The impact of Covid-19 and conflicts is threatening progress in health and social services for women, children and adolescents, health advocacy groups have warned.
Global leaders and health advocates, speaking at a virtual summit last week, raised concerns that the pandemic and rising political instability across the world were also driving inequity and deepening the rift between rich and poor.
“Things have got worse for women, children and adolescents on the frontlines,” said Helen Clark, former Prime Minister of New Zealand.
Ms Clark also chairs the board of Partnership for Maternal, Newborn & Child Health (PMNCH) — the world’s largest alliance for women’s, children’s and adolescents’ health and wellbeing.
“These are very tough times. Most certainly there’s a record number of women, children and adolescents in great need of assistance,” she said, pointing at record numbers of refugees and displaced persons around the world.

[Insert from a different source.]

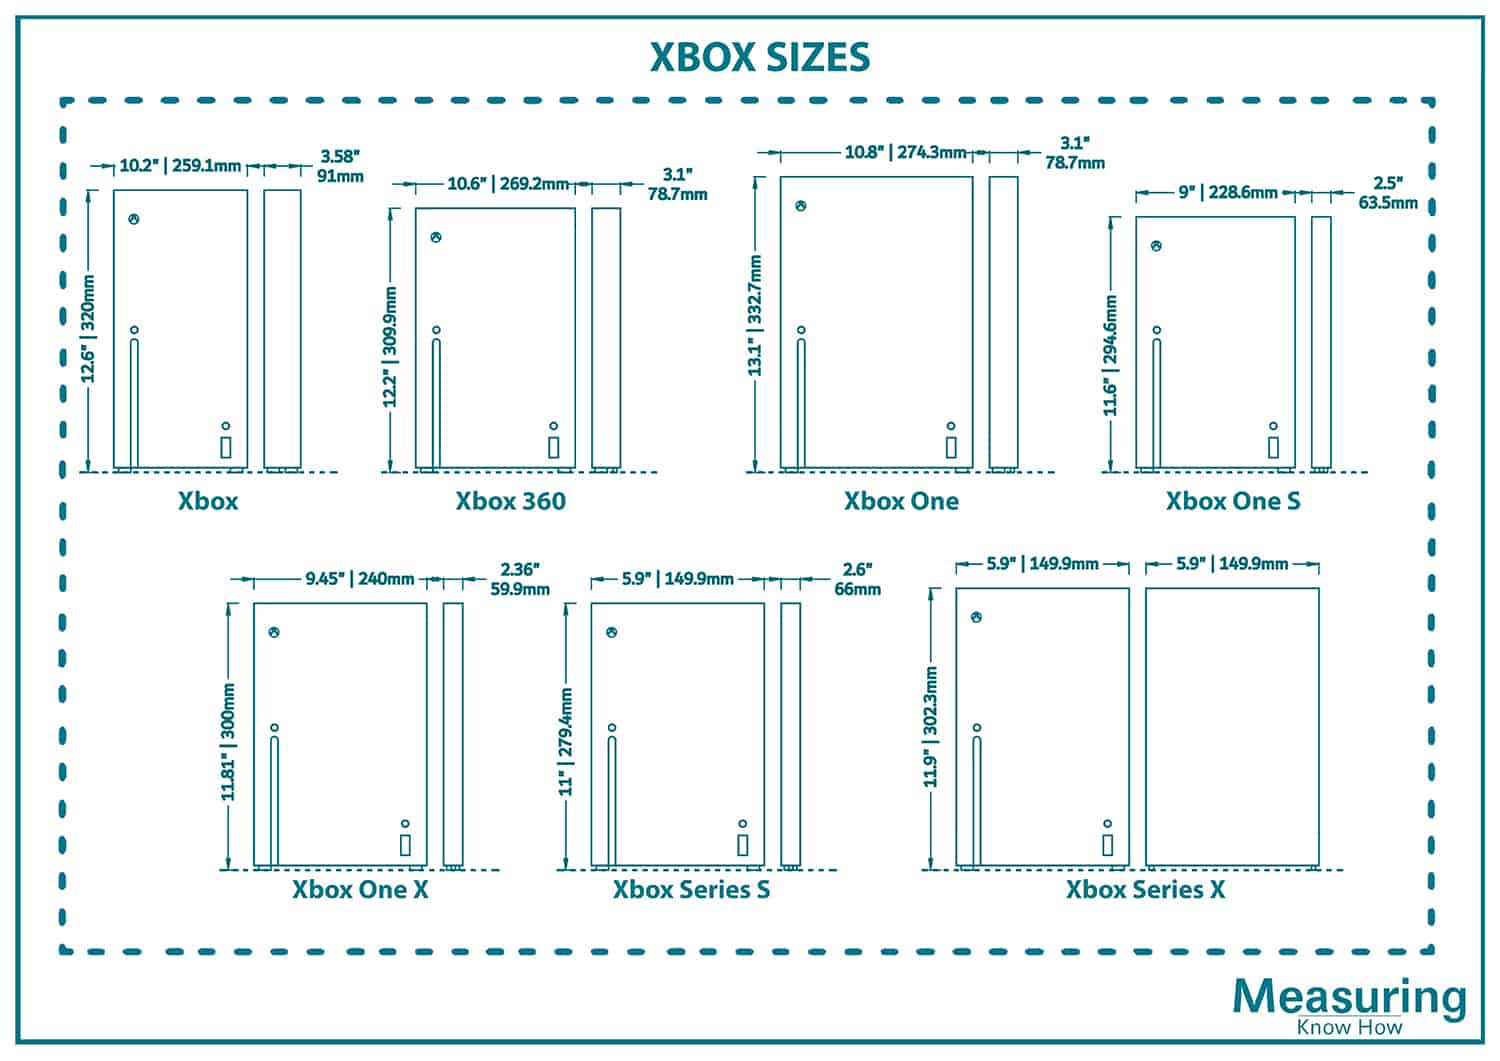 Xbox sizes
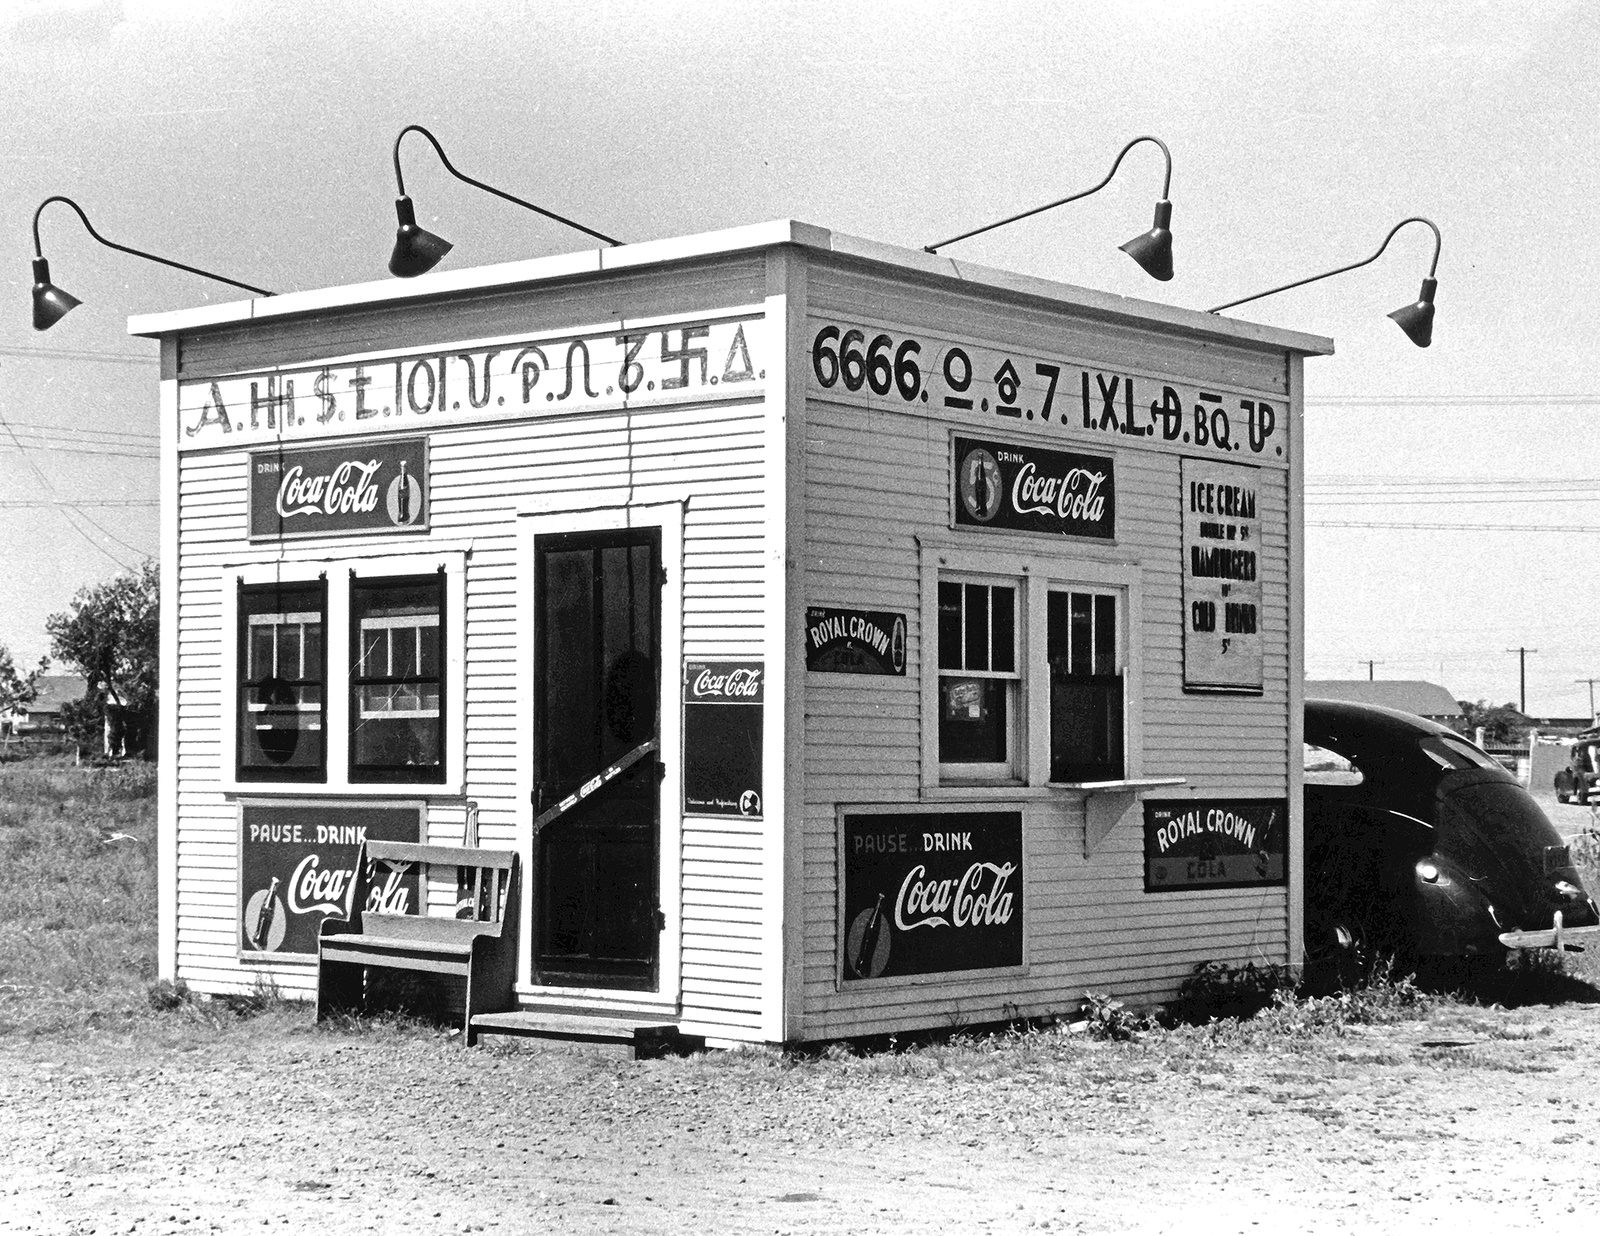 Hamburger Stand in Dumas in 1939

Health advocates say more than two billion people, including half the world's poorest populations, currently live in humanitarian and fragile settings.
The e-summit dubbed “Lives in the Balance” brought together government officials, policymakers, health care professionals and community leaders to discuss the challenges to protecting the health and wellbeing of women, children and adolescents in the wake of increased instability across the world.
“The African continent is broadly unprepared, with weak health systems in place to deal with the issues that result in humanitarian situations,” said Margaret Agama-Anyetei, African Union’s Acting Director of Health, Humanitarian Affairs and Social Development.